Even so, they’ve managed a pretty spectacular train wreck of their own.
Today, Spokane gambling is booming because state legislators snoozed on the job. In 1997, they yawned and allowed a little-noticed senate bill to slide through the Legislature. This bill, described as a minor change in the law, wound up bringing Las Vegas-style house banks to the state’s card rooms. Now, local mini-casinos can run jackpots of $10,000 or more.
In Spokane County there are five of these non-tribal casinos and five more are expected by the end of the year. Gross receipts in state card rooms have increased 58 percent and some card rooms are bringing in 12 times more than they were a year ago.

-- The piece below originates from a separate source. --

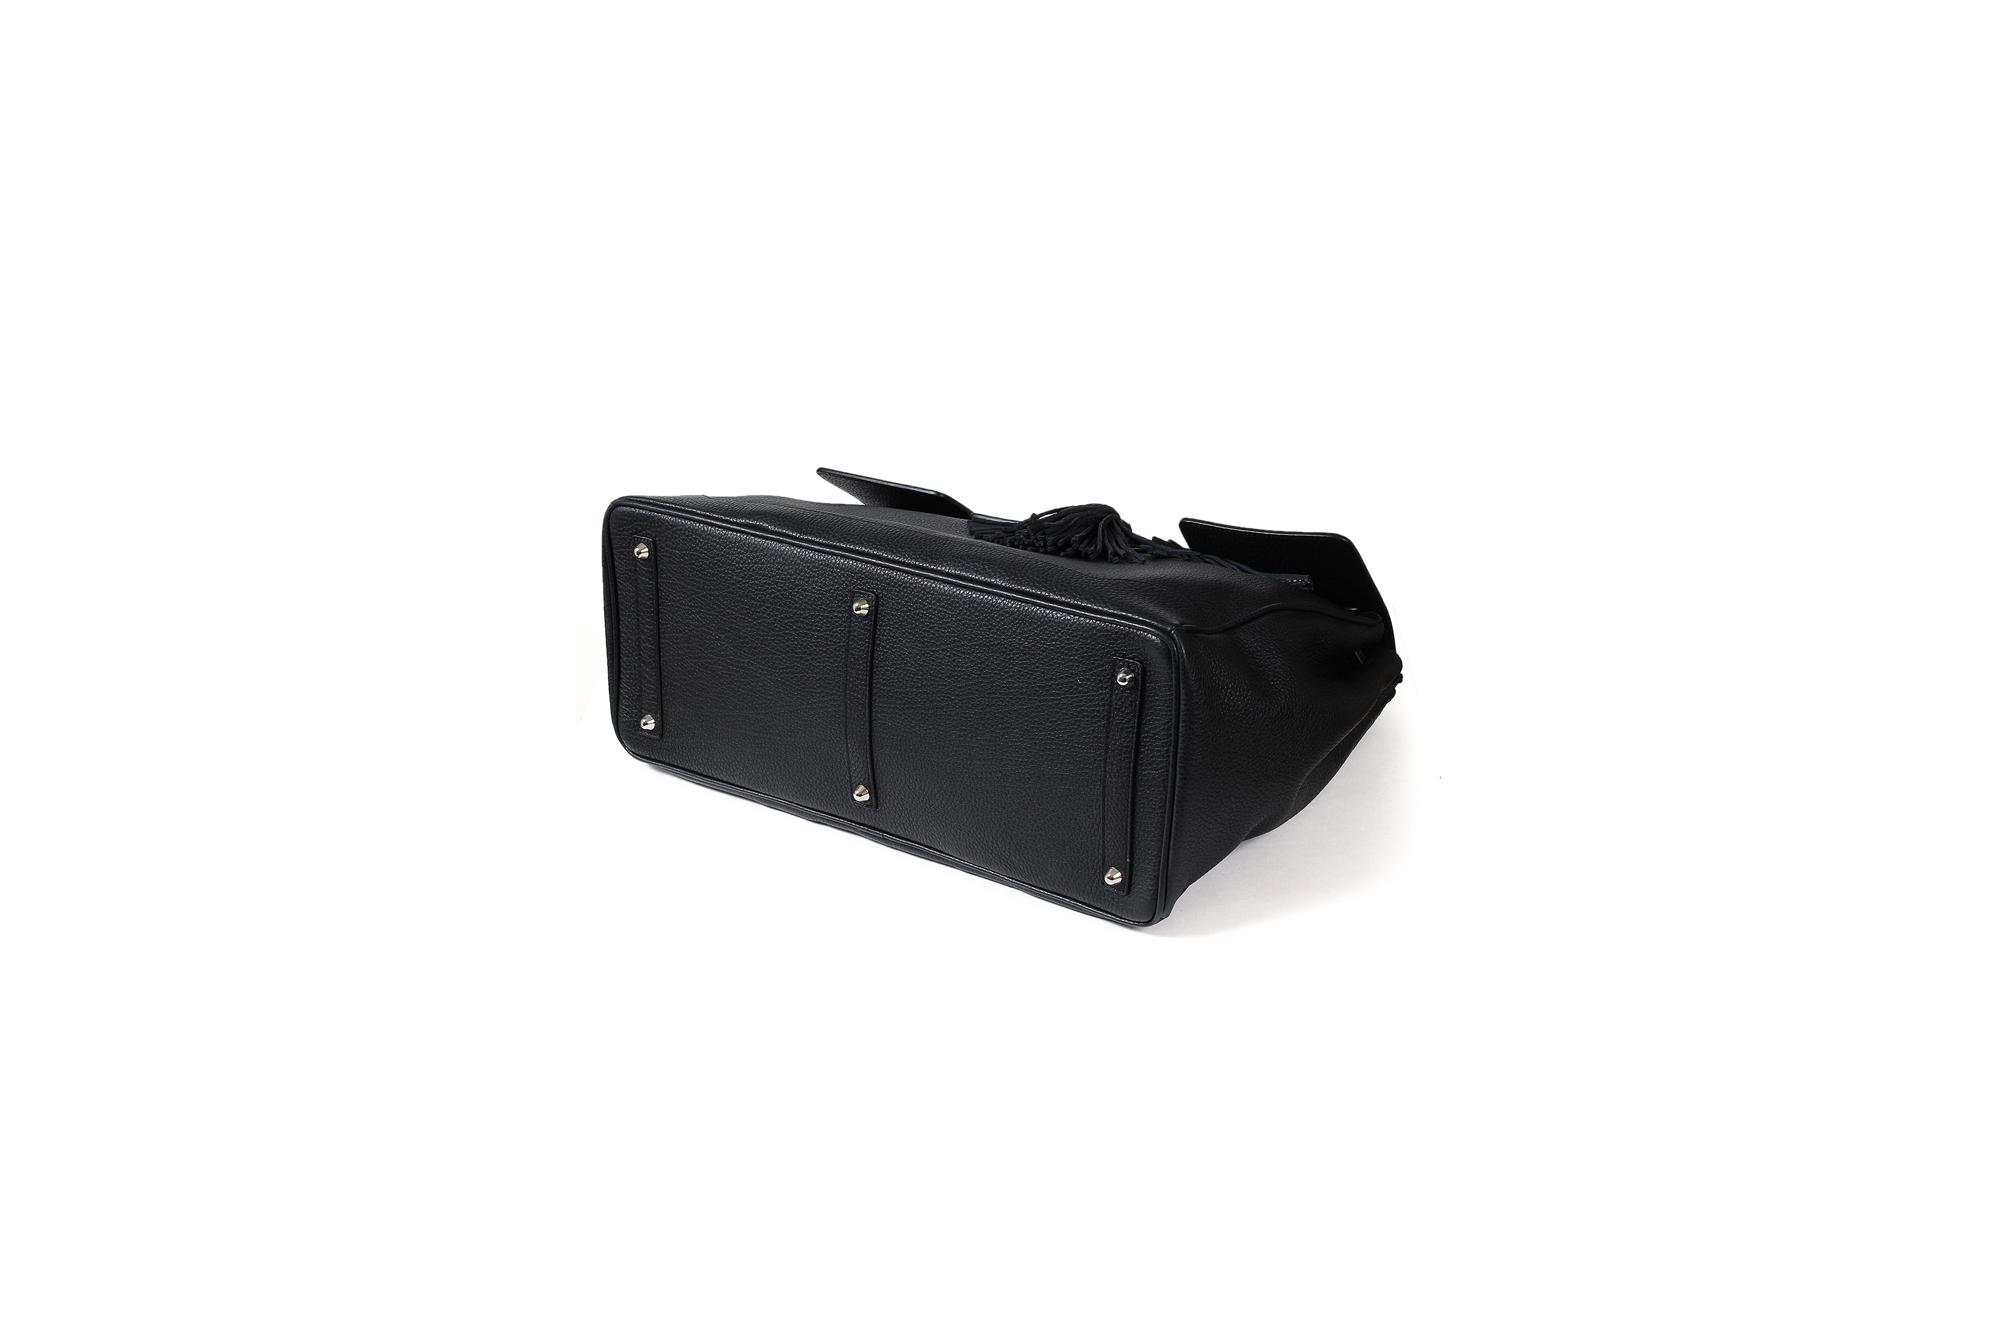 ACATE(アカーテ)OSTRO-M(オストロ-M) Montblanc leather(モンブランレザー) トートバック レザーバック NERO(ネロ) MADE IN ITALY(イタリア製) 2020 春夏新作 愛知 名古屋 altoediritto アルトエデリット トートバック

As the gambling industry explodes in Spokane, it will be the community which will be forced to pick up the pieces. It will be families and businesses that will sustain the damage when bankruptcies, domestic violence and suicide increase.

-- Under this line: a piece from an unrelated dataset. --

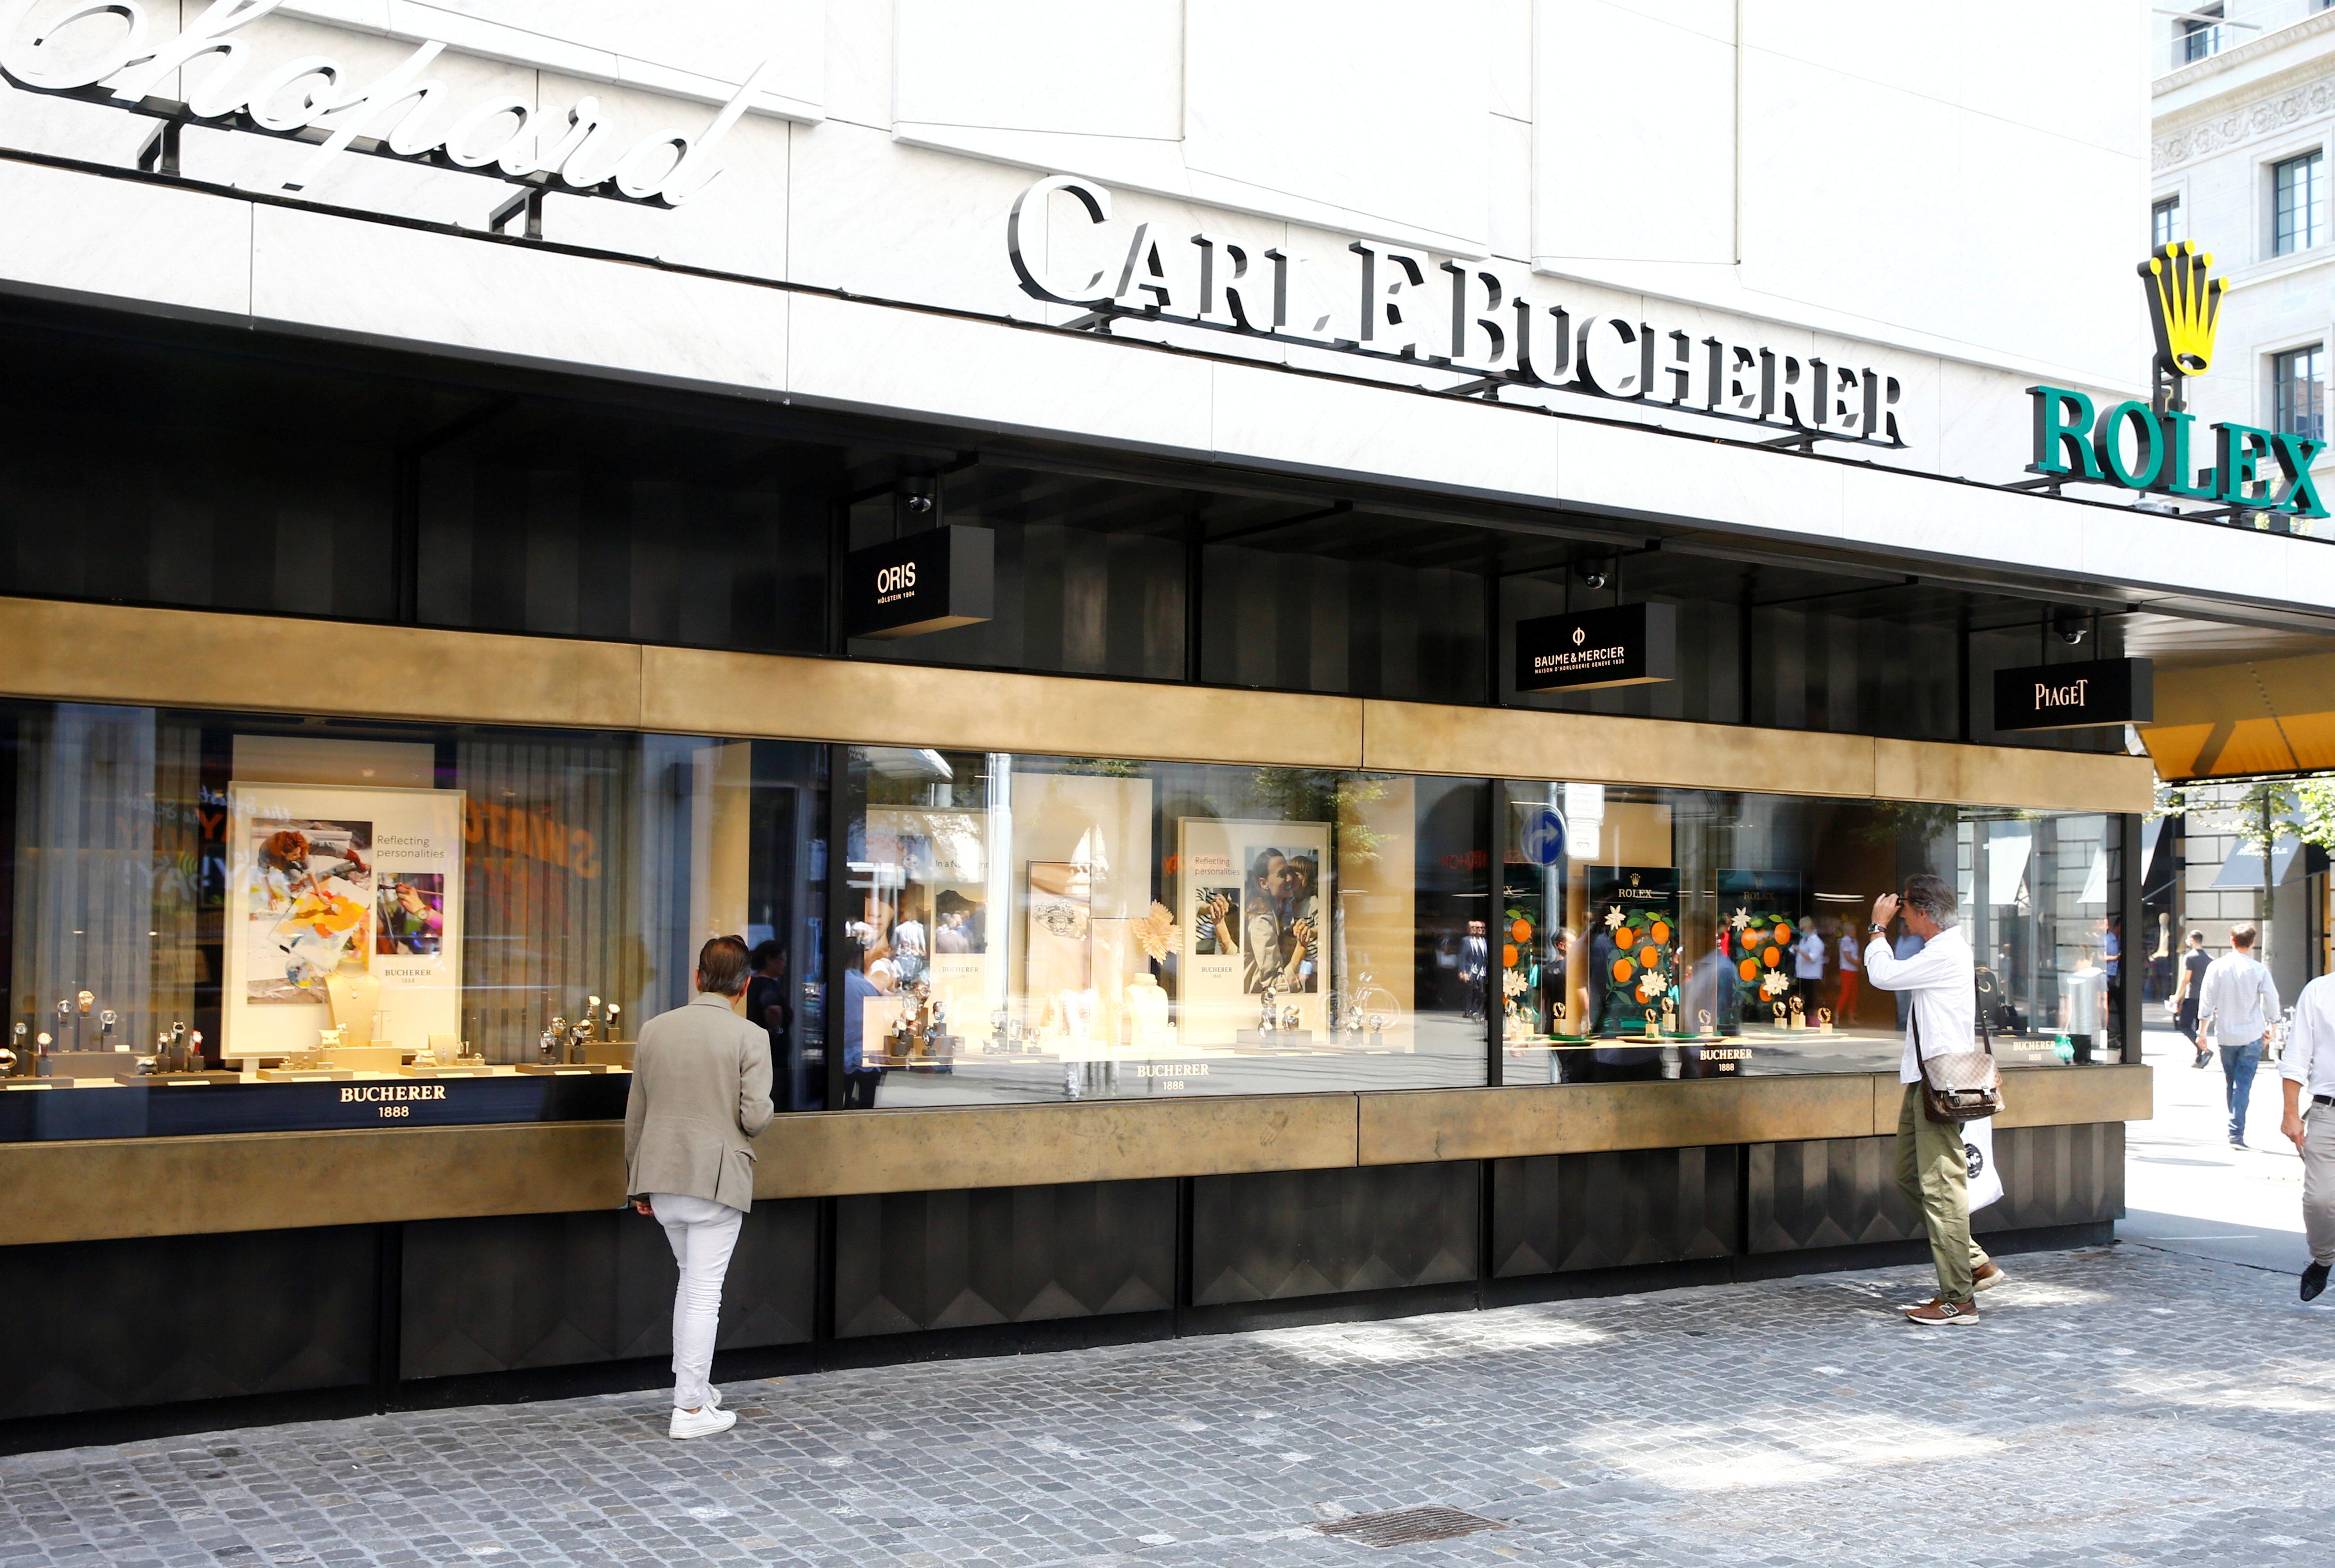 A Bucherer watch and jewellery shop is seen at the Bahnhofstrasse shopping street in Zurich, Switzerland August 12, 2020.   REUTERS/Arnd Wiegmann/File Photo

How did this happen? It appears that neither lawmakers nor the governor took the time to read the bill and research its potential consequences.
In a recent poll of eight Eastern Washington legislators, seven said the bill should have received more scrutiny.
“Maybe we were asleep at the switch,” says state Sen. Bob McCaslin. “Sometimes we pass legislation and aren’t really sure what the impact will be.”
Gov. Gary Locke says he understood the bill to be only a technical change in the law. “If I could do it over again,” he said recently, “I would probably veto it.”
So downplayed was this bill that nobody thought to ask if it should fall under a constitutionally required 60 percent vote. Any bill expanding gambling in Washington must pass both houses with that majority.
One person who could have explained the changes in detail was Frank Miller, director of the Washington State Gambling Commission. He left the commission and now works as a lawyer representing the gambling industry.
Voters have a right to expect more from their elected officials. It should go without saying that legislators read and understand the bills on which they vote.
Luckily, there’s a way to get this train back on track. It’s not too late to repeal the bill.
As state lawmakers assess the house-banking bill’s toll in cities such as Spokane, they have a chance to do the research they neglected the first time.
Step No. 1: Read and understand the bill.